==== Information shown ====
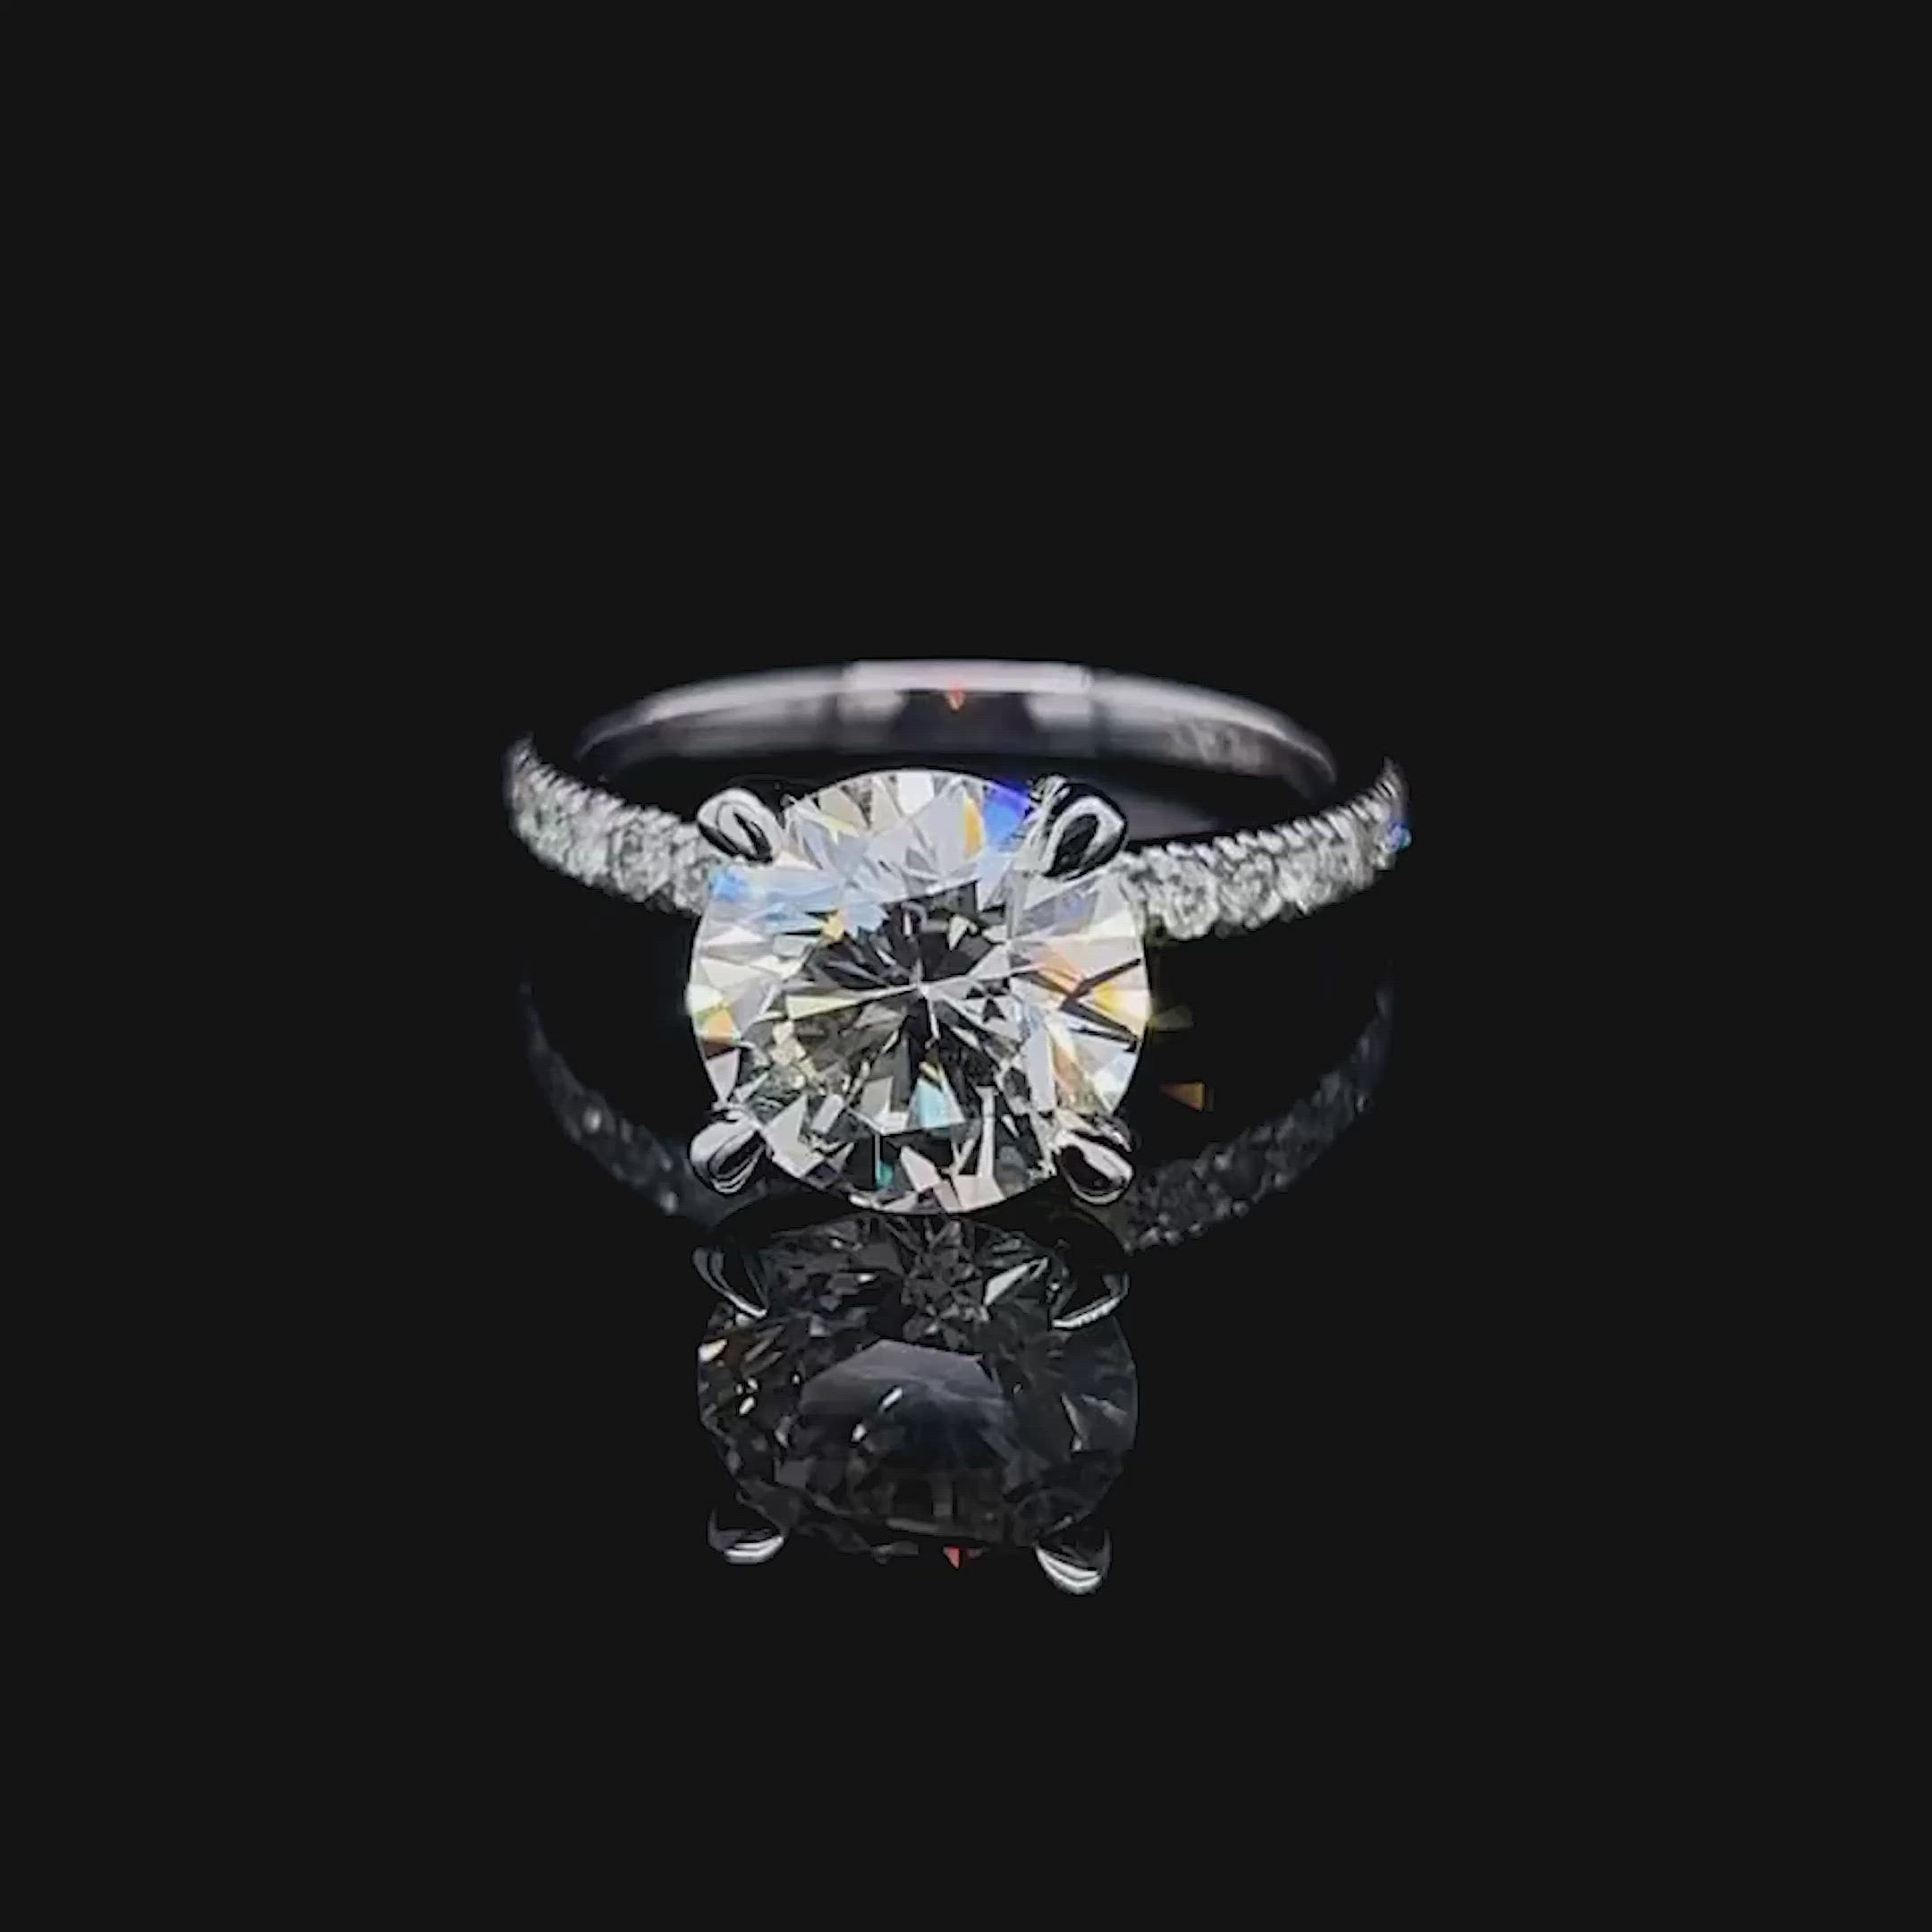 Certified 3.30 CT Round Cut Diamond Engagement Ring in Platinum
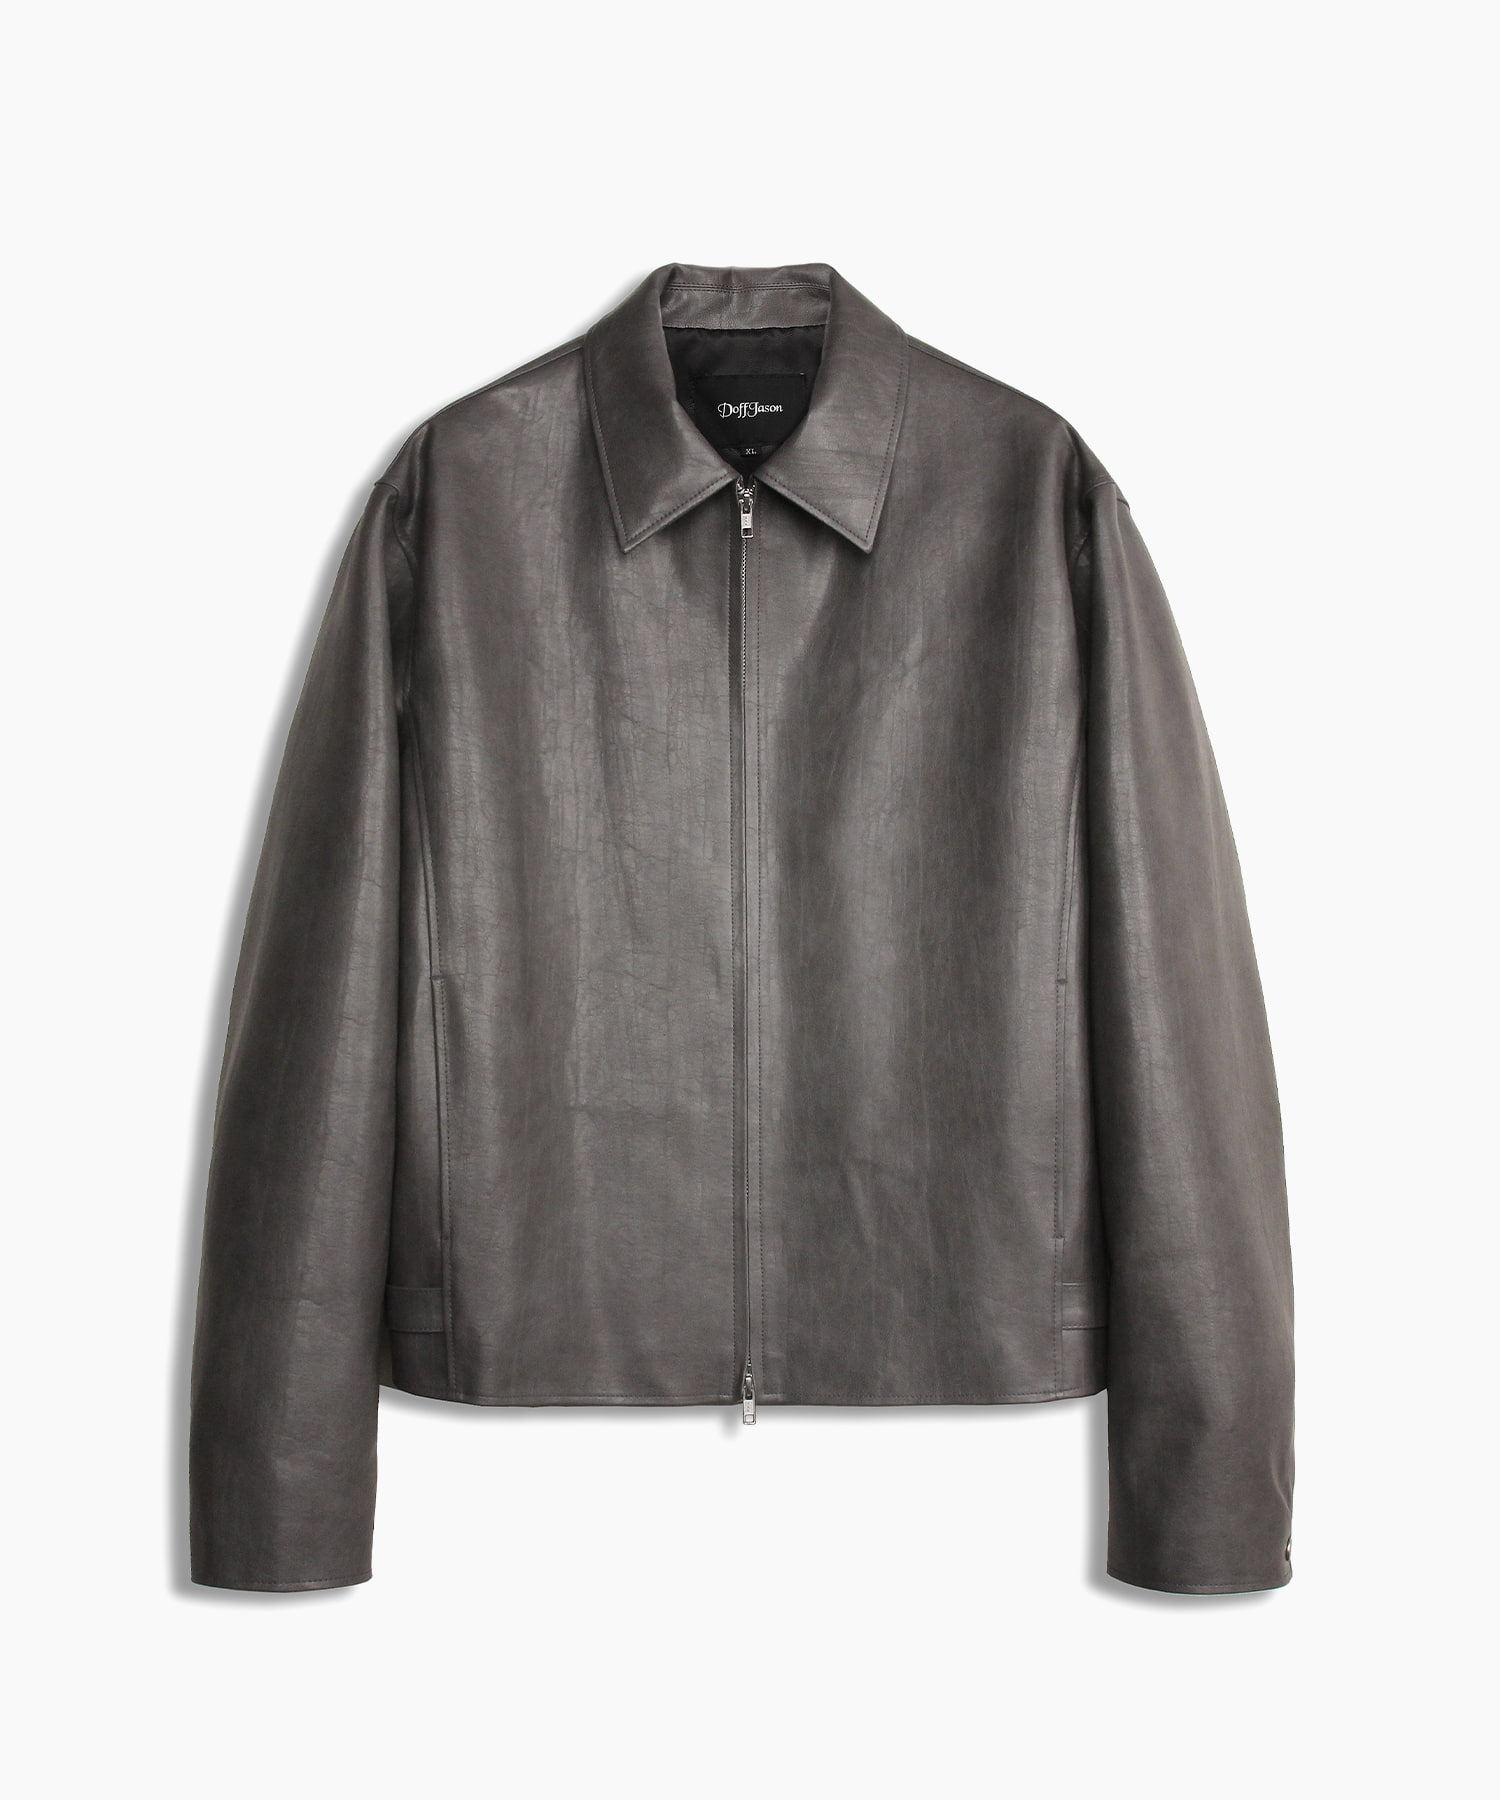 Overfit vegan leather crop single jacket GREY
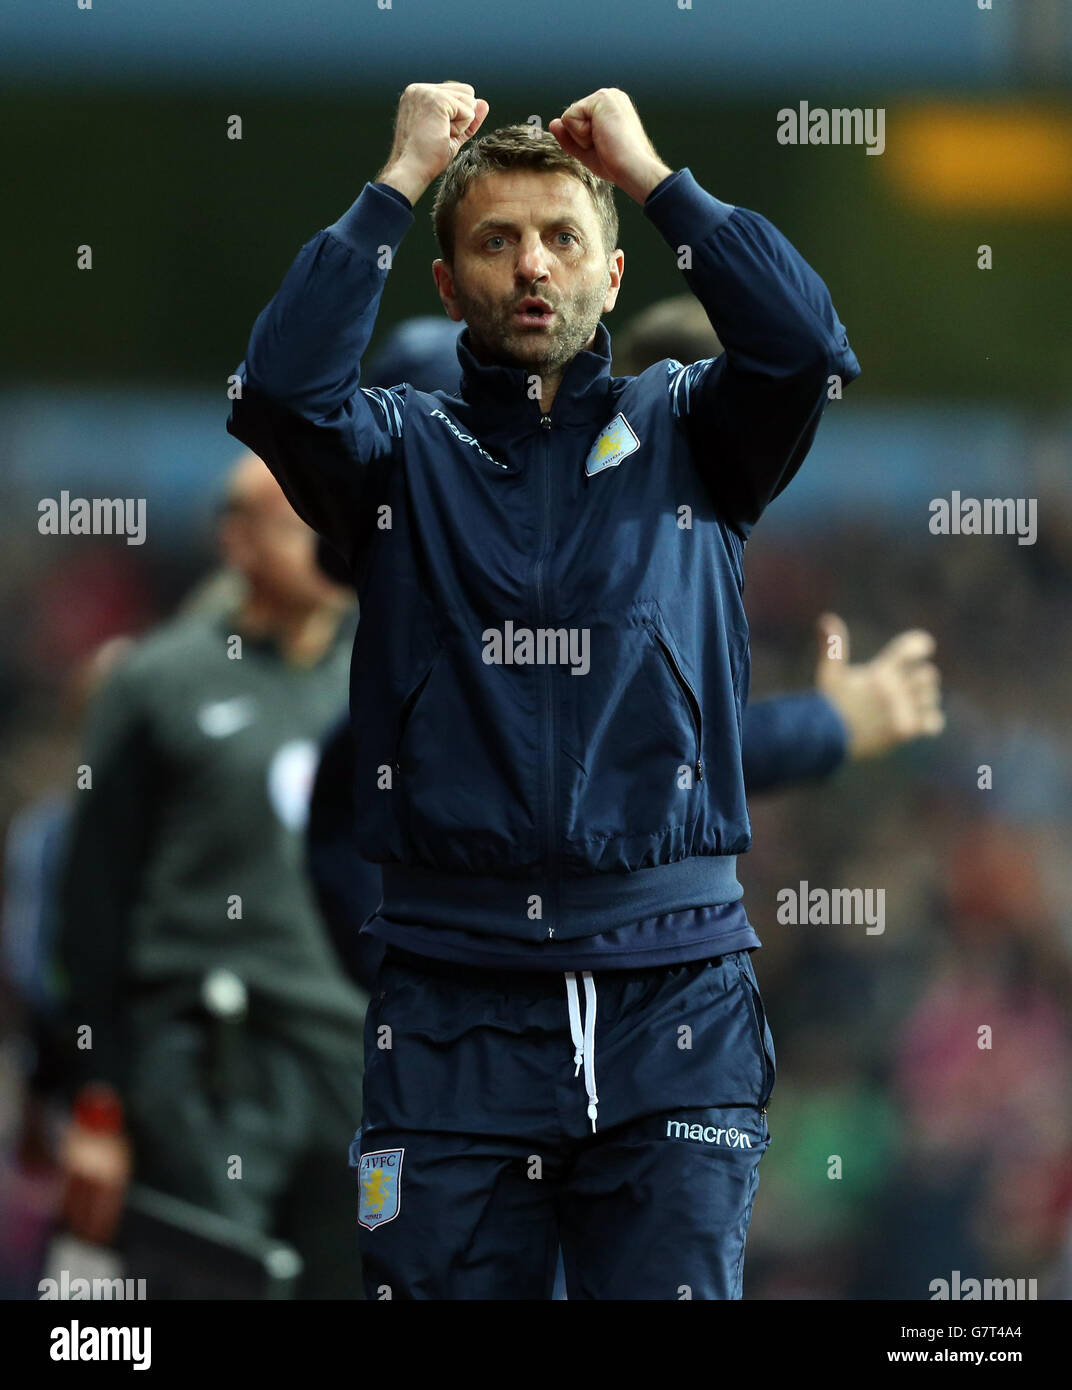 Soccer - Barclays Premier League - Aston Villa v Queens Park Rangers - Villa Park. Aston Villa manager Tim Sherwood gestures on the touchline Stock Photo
====
All of the listing above has to be reproduced exactly, though without its images.

→ **Task response**:
 Certified 3.30 CT Round Cut Diamond Engagement Ring in Platinum
 Overfit vegan leather crop single jacket GREY
 Soccer - Barclays Premier League - Aston Villa v Queens Park Rangers - Villa Park. Aston Villa manager Tim Sherwood gestures on the touchline Stock Photo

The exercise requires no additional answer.